Copy each line below exactly as it appears. Pictures are to be omitted.

Information provided »
·····

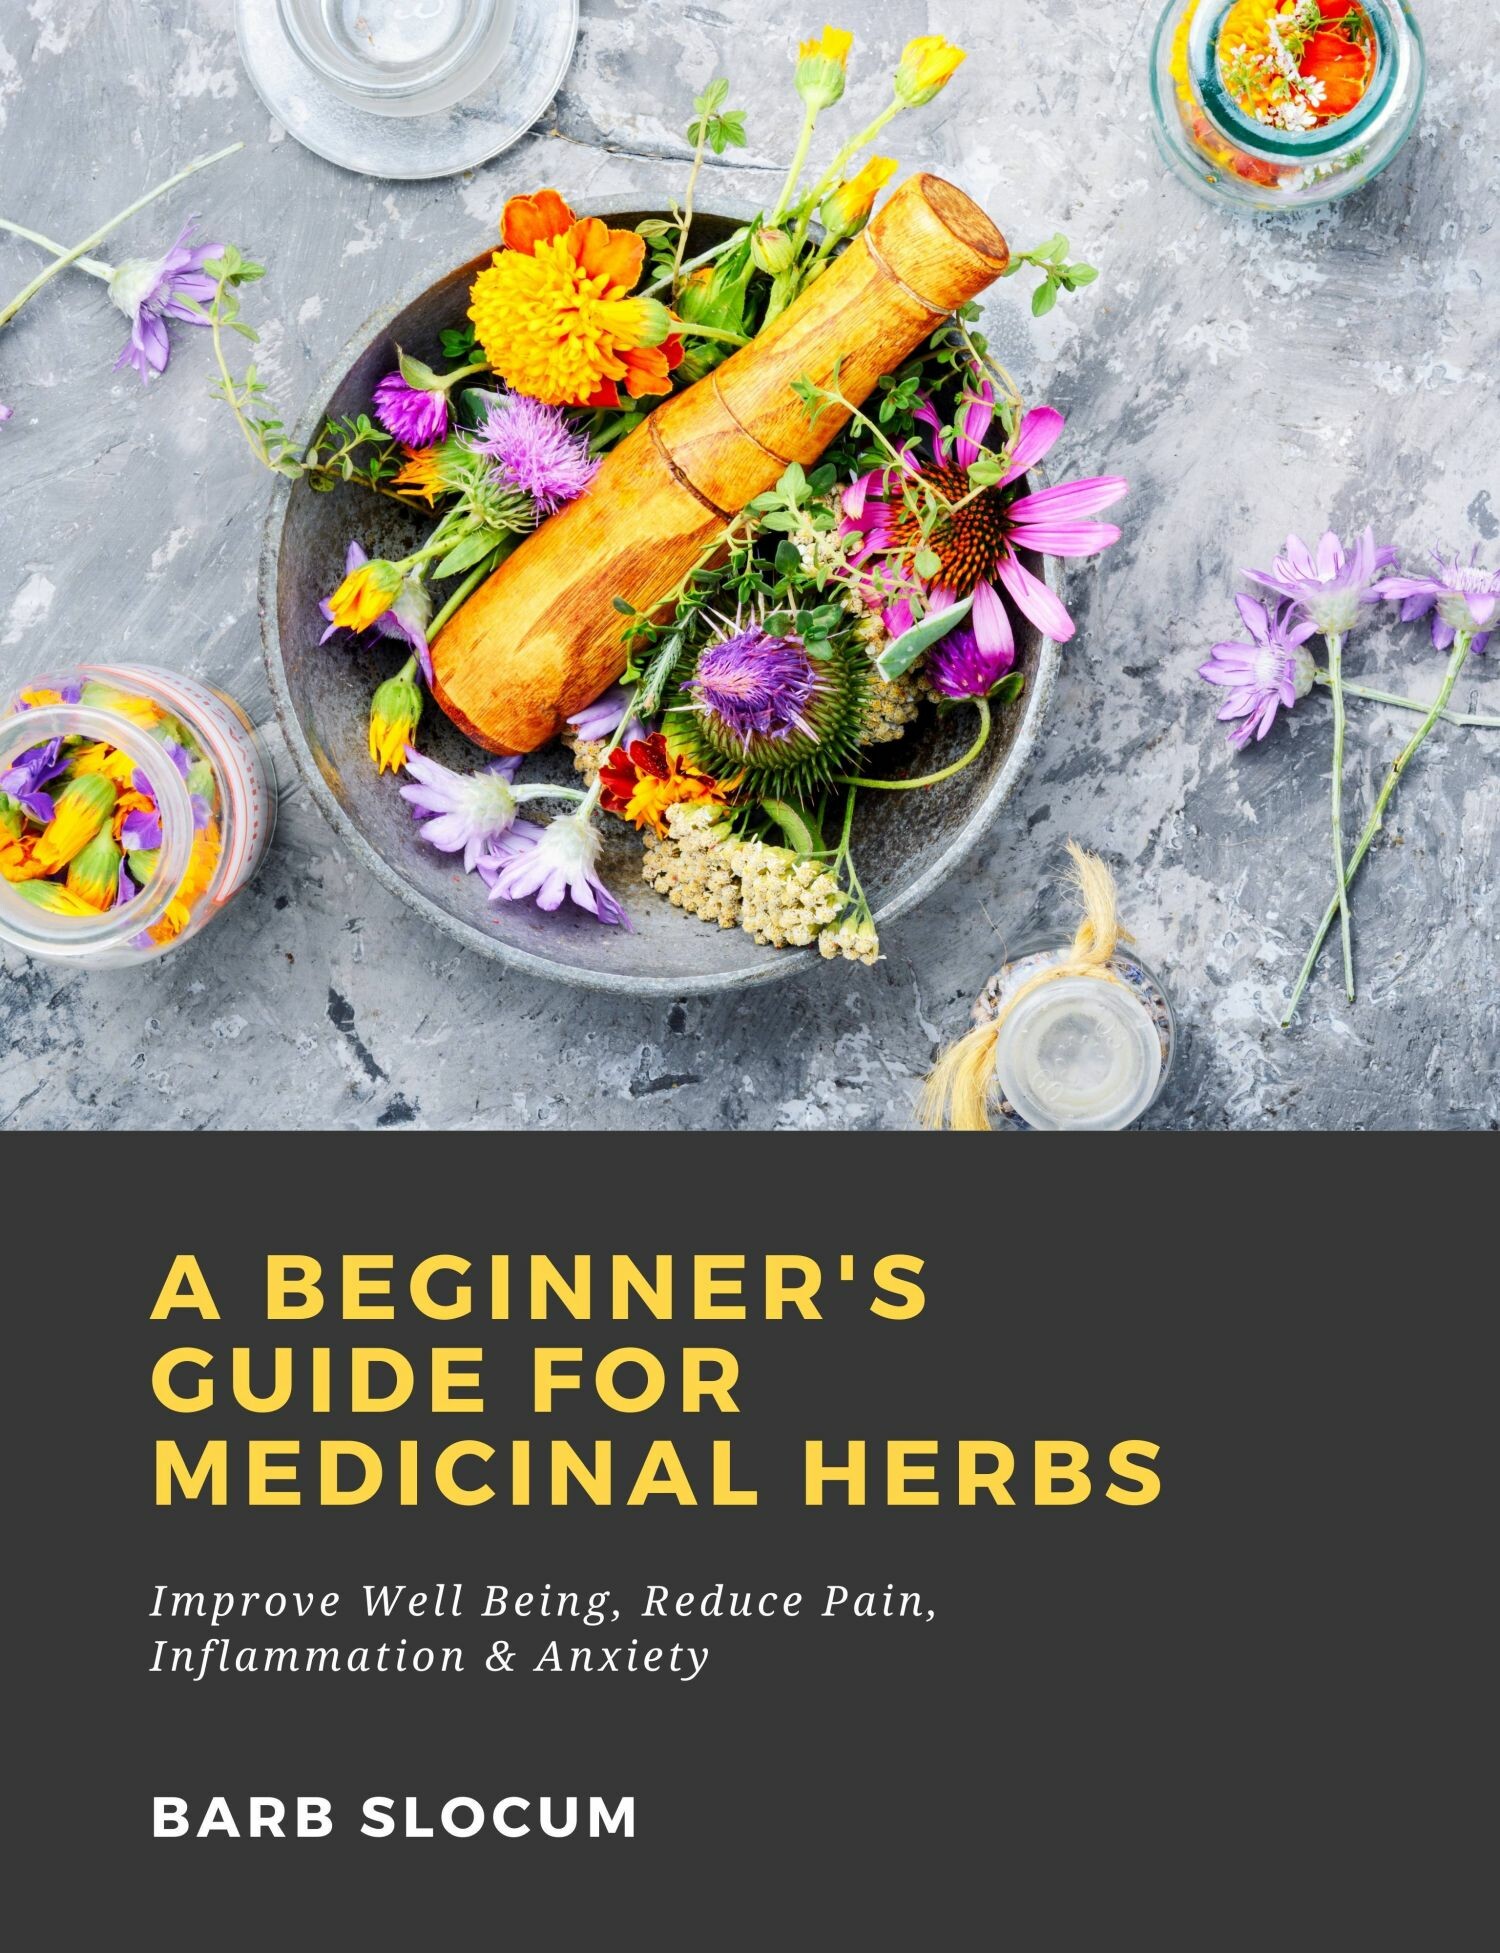 A Beginner's Guide for Medicinal Herbs: Improve Well Being, Reduce Pain, Inflammation & Anxiety
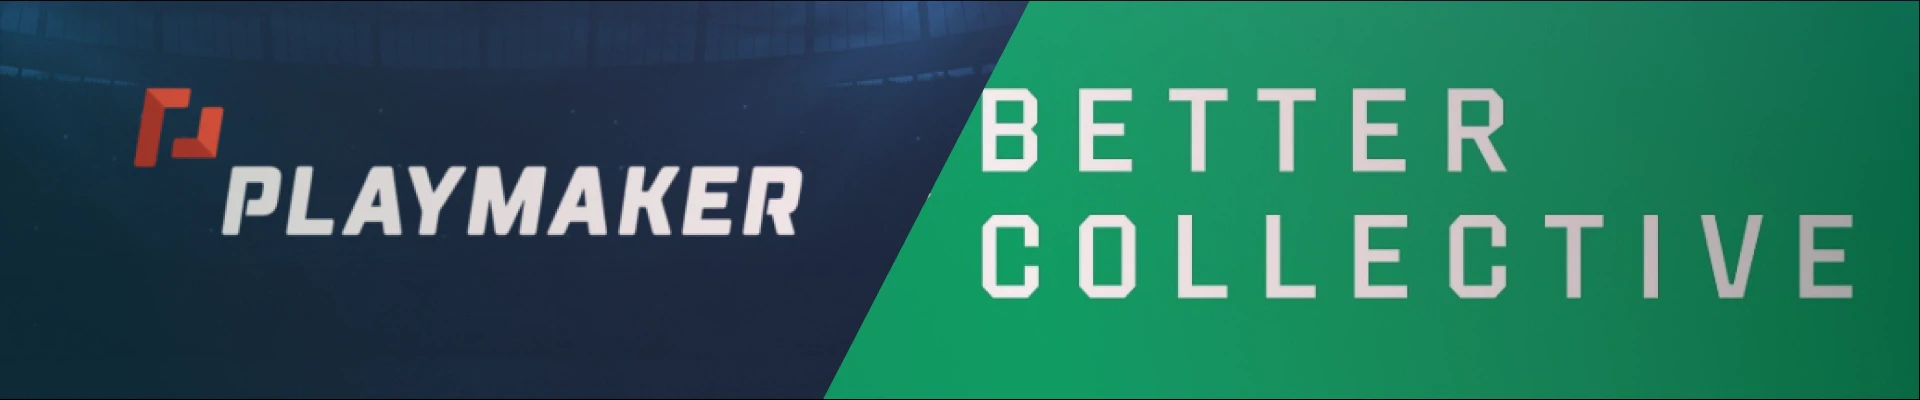 Better Collective and Playmaker Header
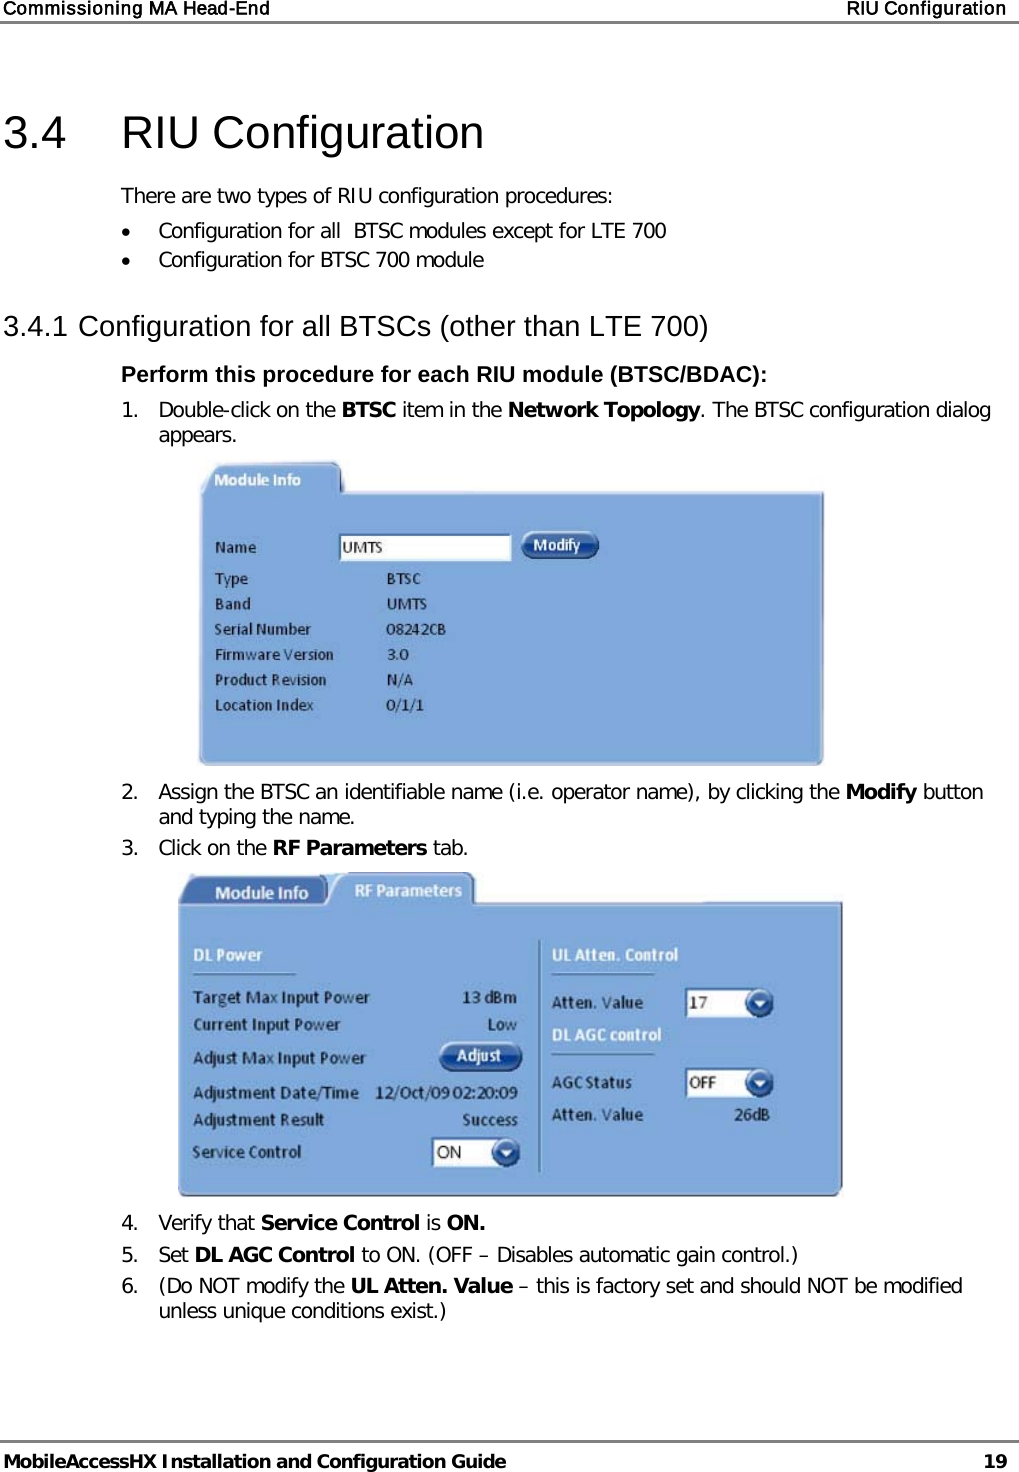 Commissioning MA Head-End    RIU Configuration   MobileAccessHX Installation and Configuration Guide   19  3.4  RIU Configuration There are two types of RIU configuration procedures: • Configuration for all  BTSC modules except for LTE 700 • Configuration for BTSC 700 module 3.4.1 Configuration for all BTSCs (other than LTE 700) Perform this procedure for each RIU module (BTSC/BDAC): 1.  Double-click on the BTSC item in the Network Topology. The BTSC configuration dialog appears.  2.  Assign the BTSC an identifiable name (i.e. operator name), by clicking the Modify button and typing the name.  3.  Click on the RF Parameters tab.  4.  Verify that Service Control is ON.  5.  Set DL AGC Control to ON. (OFF – Disables automatic gain control.) 6.  (Do NOT modify the UL Atten. Value – this is factory set and should NOT be modified unless unique conditions exist.)

·····

Exercise result »
 A Beginner's Guide for Medicinal Herbs: Improve Well Being, Reduce Pain, Inflammation & Anxiety
 Better Collective and Playmaker Header
 Commissioning MA Head-End    RIU Configuration   MobileAccessHX Installation and Configuration Guide   19  3.4  RIU Configuration There are two types of RIU configuration procedures: • Configuration for all  BTSC modules except for LTE 700 • Configuration for BTSC 700 module 3.4.1 Configuration for all BTSCs (other than LTE 700) Perform this procedure for each RIU module (BTSC/BDAC): 1.  Double-click on the BTSC item in the Network Topology. The BTSC configuration dialog appears.  2.  Assign the BTSC an identifiable name (i.e. operator name), by clicking the Modify button and typing the name.  3.  Click on the RF Parameters tab.  4.  Verify that Service Control is ON.  5.  Set DL AGC Control to ON. (OFF – Disables automatic gain control.) 6.  (Do NOT modify the UL Atten. Value – this is factory set and should NOT be modified unless unique conditions exist.)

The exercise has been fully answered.